American regulators are again delaying a decision by 45 days on whether to allow options on spot bitcoin ETFs.
The Securities and Exchange Commission published a notice Monday saying that it “designates May 29, 2024 as the date by which the Commission shall either approve or disapprove, or institute proceedings to determine whether to disapprove,” allowing the New York Stock Exchange to start listing options on spot bitcoin ETFs.
Two spot bitcoin ETFs named specifically were Bitwise Bitcoin ETF and the Grayscale Bitcoin Trust, but the proposal also opened the door to “any trust that holds Bitcoin.”

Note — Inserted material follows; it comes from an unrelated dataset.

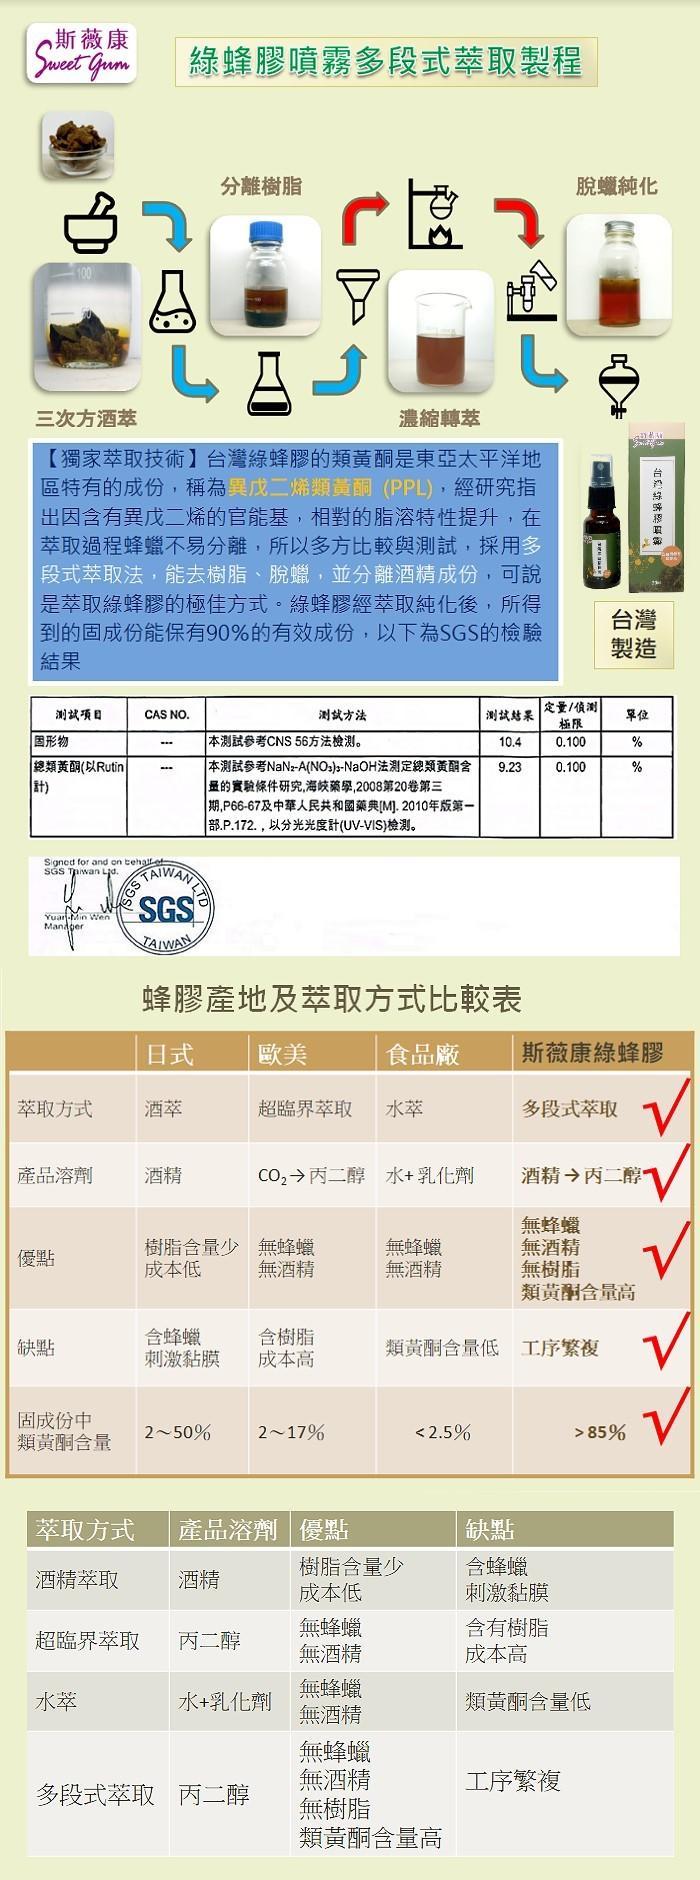 斯薇康-台灣綠蜂膠噴霧(無酒精)20ml產品資訊

The NYSE filed on Feb. 9, asking the SEC to let it trade options. As a self-regulatory agency (SRO), the NYSE had to first file for a rule change and allow public comment. The regulator had 45 days to allow comments and come up with a decision or else delay again for up to 45 days, which it has chosen to do.
Only two public comments were submitted: one from Grayscale CEO Michael Sonnenshein and another from Prof. James Angel of Georgetown University.
Angel started his 13-page letter with, “Dear SEC: Don’t you have better things to do than waste time through extended navel-gazing on these rule filings?” and proceeded to critique the regulator’s handling of bitcoin ETFs and crypto in general. The Georgetown academic also noted that options exist on the ProShares Bitcoin Strategy (BITO) futures ETF and even the riskier leveraged 2x Bitcoin Strategy (BITX) bitcoin futures ETF.
Open interest on BITO options amounts to nearly 1.1 million contracts, according to data from OptionsCharts.io while BITX has 78,000 contracts in open interest.
Opening the door to options trading on spot bitcoin ETFs could be a big deal for the NYSE. For comparison, the SPDR Gold Shares ETF, GLD, has 2.8 million options contracts in open interest, but it should be noted that the spot price of GLD shares is an order of magnitude higher than that of BITO’s.